(Stored entries)
* * *

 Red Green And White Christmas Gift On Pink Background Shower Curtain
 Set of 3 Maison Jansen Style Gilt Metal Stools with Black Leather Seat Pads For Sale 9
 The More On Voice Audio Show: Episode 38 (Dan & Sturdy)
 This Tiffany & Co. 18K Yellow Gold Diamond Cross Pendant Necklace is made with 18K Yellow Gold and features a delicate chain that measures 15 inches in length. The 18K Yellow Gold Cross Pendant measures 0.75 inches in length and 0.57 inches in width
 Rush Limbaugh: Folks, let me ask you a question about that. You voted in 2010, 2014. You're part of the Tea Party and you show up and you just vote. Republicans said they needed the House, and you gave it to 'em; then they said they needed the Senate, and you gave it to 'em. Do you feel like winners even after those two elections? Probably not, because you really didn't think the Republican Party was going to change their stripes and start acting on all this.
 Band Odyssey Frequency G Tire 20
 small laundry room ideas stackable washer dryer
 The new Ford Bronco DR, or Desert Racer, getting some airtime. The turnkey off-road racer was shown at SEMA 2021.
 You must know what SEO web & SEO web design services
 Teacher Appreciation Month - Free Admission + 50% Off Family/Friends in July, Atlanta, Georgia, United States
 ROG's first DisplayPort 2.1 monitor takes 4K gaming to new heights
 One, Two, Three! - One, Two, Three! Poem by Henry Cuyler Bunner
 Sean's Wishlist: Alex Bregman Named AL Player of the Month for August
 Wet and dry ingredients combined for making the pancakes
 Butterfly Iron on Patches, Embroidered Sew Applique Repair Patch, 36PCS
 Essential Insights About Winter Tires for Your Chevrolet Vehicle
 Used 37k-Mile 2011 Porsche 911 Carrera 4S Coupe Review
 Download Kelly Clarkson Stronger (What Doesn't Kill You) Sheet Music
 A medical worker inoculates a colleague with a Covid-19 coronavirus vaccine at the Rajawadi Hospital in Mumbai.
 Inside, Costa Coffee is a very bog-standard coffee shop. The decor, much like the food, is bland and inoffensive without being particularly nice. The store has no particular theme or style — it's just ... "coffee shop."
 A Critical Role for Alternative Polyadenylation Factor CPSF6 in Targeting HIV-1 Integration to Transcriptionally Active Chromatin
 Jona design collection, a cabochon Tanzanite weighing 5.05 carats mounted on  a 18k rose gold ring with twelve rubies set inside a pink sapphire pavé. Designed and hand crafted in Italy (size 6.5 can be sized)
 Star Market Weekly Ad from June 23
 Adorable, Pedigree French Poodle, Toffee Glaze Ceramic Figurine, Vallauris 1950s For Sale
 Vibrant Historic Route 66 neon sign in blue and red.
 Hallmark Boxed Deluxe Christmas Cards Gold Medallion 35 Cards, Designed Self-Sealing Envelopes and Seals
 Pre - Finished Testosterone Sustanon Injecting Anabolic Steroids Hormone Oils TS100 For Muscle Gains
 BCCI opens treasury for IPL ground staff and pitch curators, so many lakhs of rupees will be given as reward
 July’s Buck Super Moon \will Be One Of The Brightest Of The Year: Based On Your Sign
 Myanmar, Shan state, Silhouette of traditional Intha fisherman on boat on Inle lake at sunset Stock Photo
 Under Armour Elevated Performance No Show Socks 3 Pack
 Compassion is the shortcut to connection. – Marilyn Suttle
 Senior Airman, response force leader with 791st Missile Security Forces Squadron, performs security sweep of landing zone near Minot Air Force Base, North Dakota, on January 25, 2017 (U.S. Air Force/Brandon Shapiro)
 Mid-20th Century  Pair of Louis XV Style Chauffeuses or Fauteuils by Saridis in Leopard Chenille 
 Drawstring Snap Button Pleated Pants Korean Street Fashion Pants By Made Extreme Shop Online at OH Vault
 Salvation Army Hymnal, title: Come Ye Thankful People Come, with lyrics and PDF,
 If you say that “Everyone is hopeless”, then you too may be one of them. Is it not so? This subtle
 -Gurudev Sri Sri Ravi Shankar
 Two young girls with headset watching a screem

* * *

Which lines belong in the answer? Exactly those from the first line of the entries through the line holding "A medical worker", inclusive, copied unchanged.

 Red Green And White Christmas Gift On Pink Background Shower Curtain
 Set of 3 Maison Jansen Style Gilt Metal Stools with Black Leather Seat Pads For Sale 9
 The More On Voice Audio Show: Episode 38 (Dan & Sturdy)
 This Tiffany & Co. 18K Yellow Gold Diamond Cross Pendant Necklace is made with 18K Yellow Gold and features a delicate chain that measures 15 inches in length. The 18K Yellow Gold Cross Pendant measures 0.75 inches in length and 0.57 inches in width
 Rush Limbaugh: Folks, let me ask you a question about that. You voted in 2010, 2014. You're part of the Tea Party and you show up and you just vote. Republicans said they needed the House, and you gave it to 'em; then they said they needed the Senate, and you gave it to 'em. Do you feel like winners even after those two elections? Probably not, because you really didn't think the Republican Party was going to change their stripes and start acting on all this.
 Band Odyssey Frequency G Tire 20
 small laundry room ideas stackable washer dryer
 The new Ford Bronco DR, or Desert Racer, getting some airtime. The turnkey off-road racer was shown at SEMA 2021.
 You must know what SEO web & SEO web design services
 Teacher Appreciation Month - Free Admission + 50% Off Family/Friends in July, Atlanta, Georgia, United States
 ROG's first DisplayPort 2.1 monitor takes 4K gaming to new heights
 One, Two, Three! - One, Two, Three! Poem by Henry Cuyler Bunner
 Sean's Wishlist: Alex Bregman Named AL Player of the Month for August
 Wet and dry ingredients combined for making the pancakes
 Butterfly Iron on Patches, Embroidered Sew Applique Repair Patch, 36PCS
 Essential Insights About Winter Tires for Your Chevrolet Vehicle
 Used 37k-Mile 2011 Porsche 911 Carrera 4S Coupe Review
 Download Kelly Clarkson Stronger (What Doesn't Kill You) Sheet Music
 A medical worker inoculates a colleague with a Covid-19 coronavirus vaccine at the Rajawadi Hospital in Mumbai.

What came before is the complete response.